Когда мне стукнуло тридцать два, я стал знаменит. С тех пор в наш дом вселилась слава. Она торчит повсюду, она назойлива и прилипчива. Особенно ненавидит ее Анна, потому что та бегает за ней и делает двусмысленные предложения. Порой надутая, порой поникшая нахалка. Посетители, полагающие, что пришли ко мне, озираются в поисках ее. — Только потому, что она ленива и бесполезна за письменным столом, я прихватываю ее с собой в политику, возложив на нее обязанности штатного приветствующего: это она умеет. Ее повсюду принимают всерьез, даже мои противники и враги. Она растолстела. Начинает уже сама себя цитировать. Часто я даю ее напрокат за незначительную плату для приемов и праздников под открытым небом. Что она только потом не рассказывает! Она охотно фотографируется, мастерски подделывает мою подпись и читает то, что я едва пробегаю глазами: рецензии. (Вчера в Буркхаузене, незадолго до начала собрания, один не лишенный таланта мошенник хотел продать ей свою историю: двадцать лет в Сибири.) Моя слава, милые дети, это существо, по отношению к которому я прошу быть снисходительными…
— А слава приносит богатство?
— Большое богатство?
— А хорошо быть знаменитым и богатым?
— А что на это можно купить?
С тех пор как я стал знаменитым, у меня крадут галстуки, кепки, носовые платки и целые фразы, включая инструкции по пользованию. (Кажется, слава у многих вызывает желание как-то ее прищучить.) С ростом известности соответственно уменьшается число друзей. Тут уж ничего не попишешь: слава разобщает. Когда она помогает, то обязательно подчеркивает, что помогла. Когда навредит, утверждает, что за все надо платить. Я сказал бы, что слава скучна и лишь изредка забавна. (Когда Лаура на днях потребовала у меня шесть автографов, чтобы обменять их на один автограф Хайнтье, мы единодушно решили, что это хорошая сделка.)
Но я довольно богат.
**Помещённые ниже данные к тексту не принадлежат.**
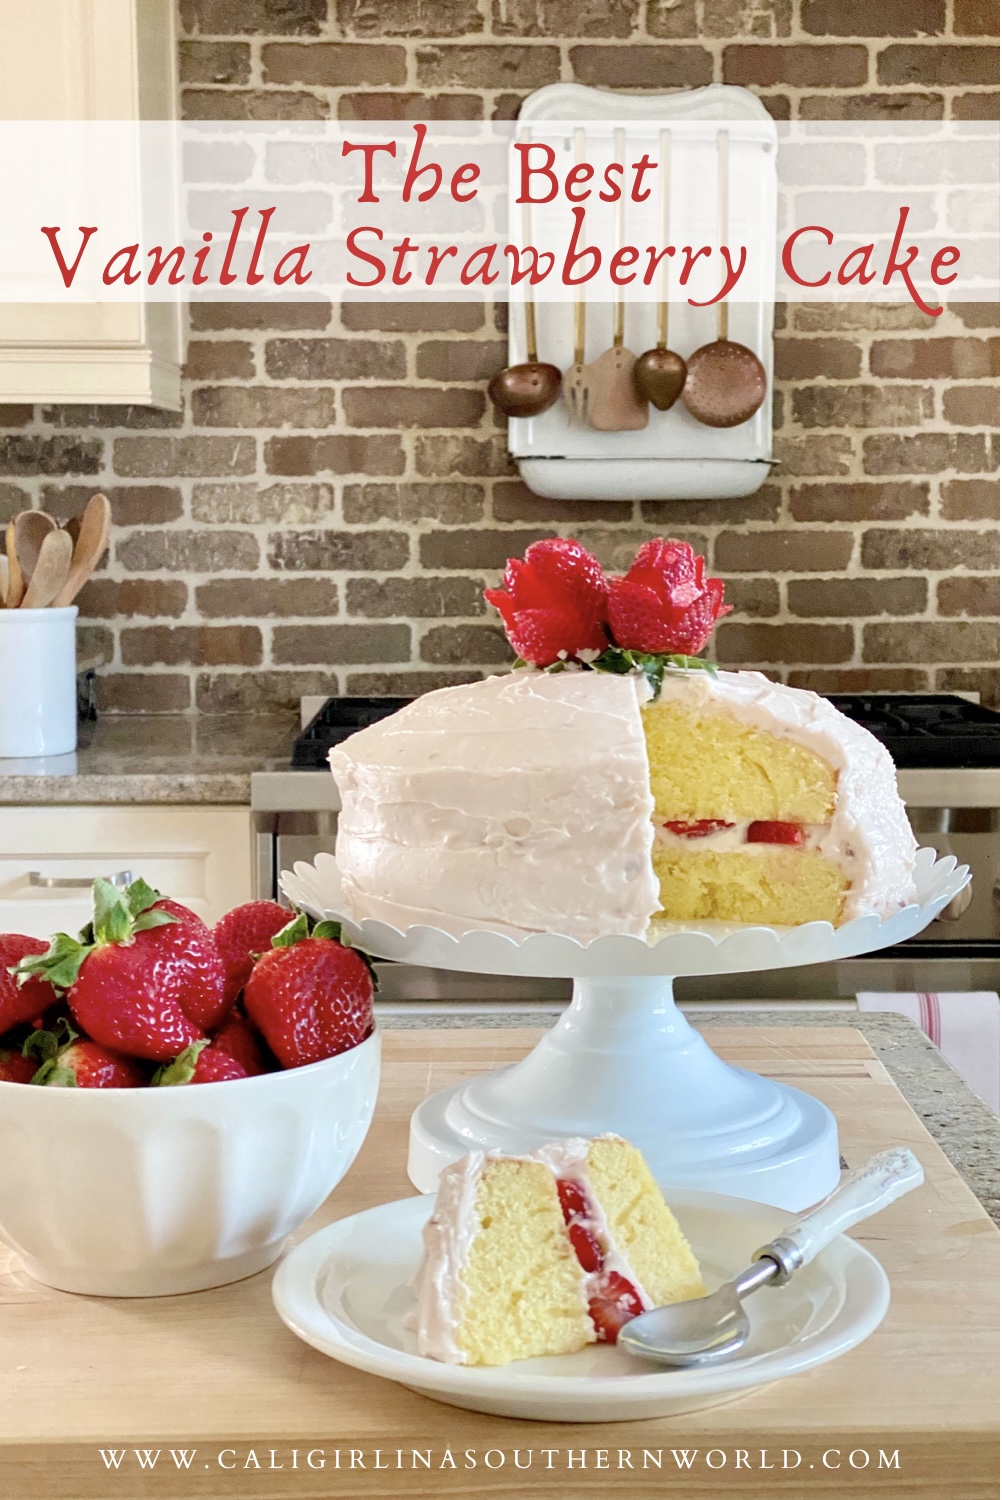 Pinterest Pin for the best vanilla strawberry cake.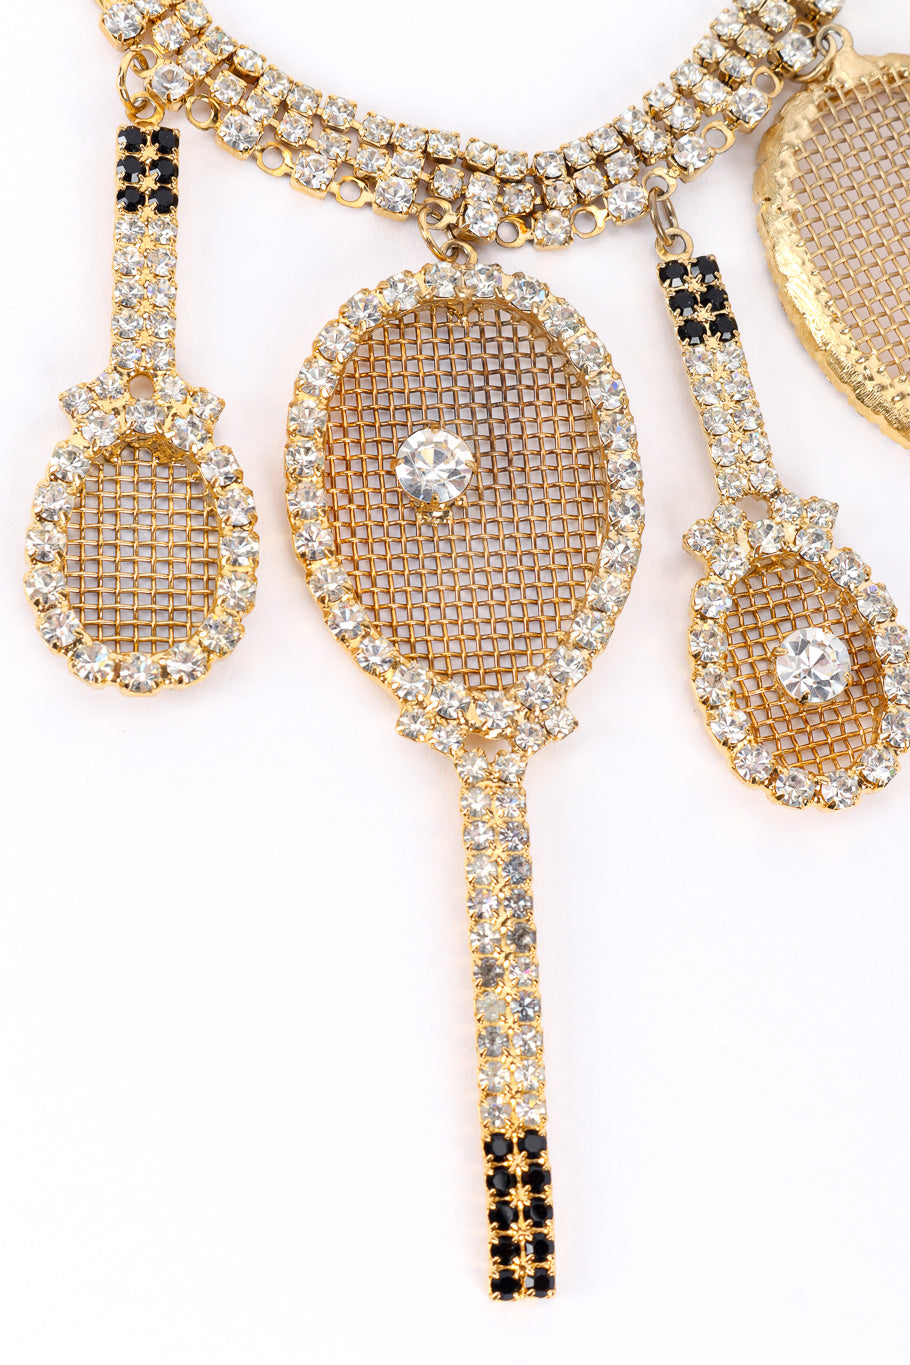 Vintage Dorothy Bauer Tennis Racket Charm Necklace hook clasp closeup of racket @Recessla

Если по сусекам поскрести, я мог бы купить здесь в Берлине одну из небольших, почти пустующих церквушек, потом превратить ее в гостиницу, которую спокойно можно было бы назвать, по аналогии с папским банком, «Гостиницей Святого духа». Там подавалось бы все, что я сам варю и ем: бараний кострец и чечевица, телячьи почки с сельдереем, свежие угри, требуха, мидии, фазаны с виноградными листьями, бобы и молочные поросята, рыбные, луковые и грибные супы, на великий пост — рубленый ливер, а на троицу — фаршированное черносливом говяжье сердце.
Вот уж что точно: я люблю жить. Я был бы рад, если бы все, кто постоянно хочет меня поучать, как надо жить, тоже любили жизнь. Дело улучшения мира не надо отдавать в руки брюзгам с больным желудком. Кроме того, дети, я тот редкий случай, когда человек случайно выжил, случайно более-менее научился писать, но мог бы — тоже случайно — построить нечто нужное всем, например, судоверфь. Ну, может быть, при следующем случае. Вы смогли бы тоже участвовать и при спуске судна на воду наблюдать, как все идет вкривь и вкось. Анна могла бы сказать: «Я освящаю тебя…» А я мог бы написать об этом (но что именно?) книгу…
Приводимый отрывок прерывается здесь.